• PROBLEM DESCRIPTION: Print the listing in full, with no character changed.
=== Section Start ===
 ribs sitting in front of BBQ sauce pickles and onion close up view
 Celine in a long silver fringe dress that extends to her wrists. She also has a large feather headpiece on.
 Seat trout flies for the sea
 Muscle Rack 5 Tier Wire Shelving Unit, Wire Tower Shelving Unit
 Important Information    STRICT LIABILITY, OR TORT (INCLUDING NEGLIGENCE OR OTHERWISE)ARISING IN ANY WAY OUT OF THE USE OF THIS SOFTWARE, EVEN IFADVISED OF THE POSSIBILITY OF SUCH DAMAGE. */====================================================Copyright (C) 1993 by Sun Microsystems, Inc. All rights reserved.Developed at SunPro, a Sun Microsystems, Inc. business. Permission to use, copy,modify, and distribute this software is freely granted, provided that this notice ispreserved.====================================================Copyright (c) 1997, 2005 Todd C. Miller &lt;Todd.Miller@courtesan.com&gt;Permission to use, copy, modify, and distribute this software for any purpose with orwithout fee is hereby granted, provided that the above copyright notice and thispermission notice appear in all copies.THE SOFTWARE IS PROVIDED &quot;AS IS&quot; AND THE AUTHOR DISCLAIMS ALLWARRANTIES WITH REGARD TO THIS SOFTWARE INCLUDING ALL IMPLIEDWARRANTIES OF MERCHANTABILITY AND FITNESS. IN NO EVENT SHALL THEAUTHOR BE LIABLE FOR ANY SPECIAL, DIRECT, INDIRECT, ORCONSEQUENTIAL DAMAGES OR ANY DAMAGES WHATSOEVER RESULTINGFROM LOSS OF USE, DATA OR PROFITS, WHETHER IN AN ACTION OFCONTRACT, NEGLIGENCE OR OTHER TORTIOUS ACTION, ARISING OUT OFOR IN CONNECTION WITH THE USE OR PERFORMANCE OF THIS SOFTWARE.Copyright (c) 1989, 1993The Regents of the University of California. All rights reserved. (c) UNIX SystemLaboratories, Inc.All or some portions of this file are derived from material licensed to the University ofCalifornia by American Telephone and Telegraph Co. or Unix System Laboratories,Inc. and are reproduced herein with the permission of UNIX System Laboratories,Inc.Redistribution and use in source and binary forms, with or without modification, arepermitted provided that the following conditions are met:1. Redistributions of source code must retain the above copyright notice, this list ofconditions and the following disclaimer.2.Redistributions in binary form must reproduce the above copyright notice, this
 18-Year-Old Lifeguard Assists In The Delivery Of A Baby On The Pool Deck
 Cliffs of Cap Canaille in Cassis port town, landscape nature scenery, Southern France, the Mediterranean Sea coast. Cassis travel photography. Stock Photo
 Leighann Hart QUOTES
=== Section End ===
• FINISHED TASK:
 ribs sitting in front of BBQ sauce pickles and onion close up view
 Celine in a long silver fringe dress that extends to her wrists. She also has a large feather headpiece on.
 Seat trout flies for the sea
 Muscle Rack 5 Tier Wire Shelving Unit, Wire Tower Shelving Unit
 Important Information    STRICT LIABILITY, OR TORT (INCLUDING NEGLIGENCE OR OTHERWISE)ARISING IN ANY WAY OUT OF THE USE OF THIS SOFTWARE, EVEN IFADVISED OF THE POSSIBILITY OF SUCH DAMAGE. */====================================================Copyright (C) 1993 by Sun Microsystems, Inc. All rights reserved.Developed at SunPro, a Sun Microsystems, Inc. business. Permission to use, copy,modify, and distribute this software is freely granted, provided that this notice ispreserved.====================================================Copyright (c) 1997, 2005 Todd C. Miller &lt;Todd.Miller@courtesan.com&gt;Permission to use, copy, modify, and distribute this software for any purpose with orwithout fee is hereby granted, provided that the above copyright notice and thispermission notice appear in all copies.THE SOFTWARE IS PROVIDED &quot;AS IS&quot; AND THE AUTHOR DISCLAIMS ALLWARRANTIES WITH REGARD TO THIS SOFTWARE INCLUDING ALL IMPLIEDWARRANTIES OF MERCHANTABILITY AND FITNESS. IN NO EVENT SHALL THEAUTHOR BE LIABLE FOR ANY SPECIAL, DIRECT, INDIRECT, ORCONSEQUENTIAL DAMAGES OR ANY DAMAGES WHATSOEVER RESULTINGFROM LOSS OF USE, DATA OR PROFITS, WHETHER IN AN ACTION OFCONTRACT, NEGLIGENCE OR OTHER TORTIOUS ACTION, ARISING OUT OFOR IN CONNECTION WITH THE USE OR PERFORMANCE OF THIS SOFTWARE.Copyright (c) 1989, 1993The Regents of the University of California. All rights reserved. (c) UNIX SystemLaboratories, Inc.All or some portions of this file are derived from material licensed to the University ofCalifornia by American Telephone and Telegraph Co. or Unix System Laboratories,Inc. and are reproduced herein with the permission of UNIX System Laboratories,Inc.Redistribution and use in source and binary forms, with or without modification, arepermitted provided that the following conditions are met:1. Redistributions of source code must retain the above copyright notice, this list ofconditions and the following disclaimer.2.Redistributions in binary form must reproduce the above copyright notice, this
 18-Year-Old Lifeguard Assists In The Delivery Of A Baby On The Pool Deck
 Cliffs of Cap Canaille in Cassis port town, landscape nature scenery, Southern France, the Mediterranean Sea coast. Cassis travel photography. Stock Photo
 Leighann Hart QUOTES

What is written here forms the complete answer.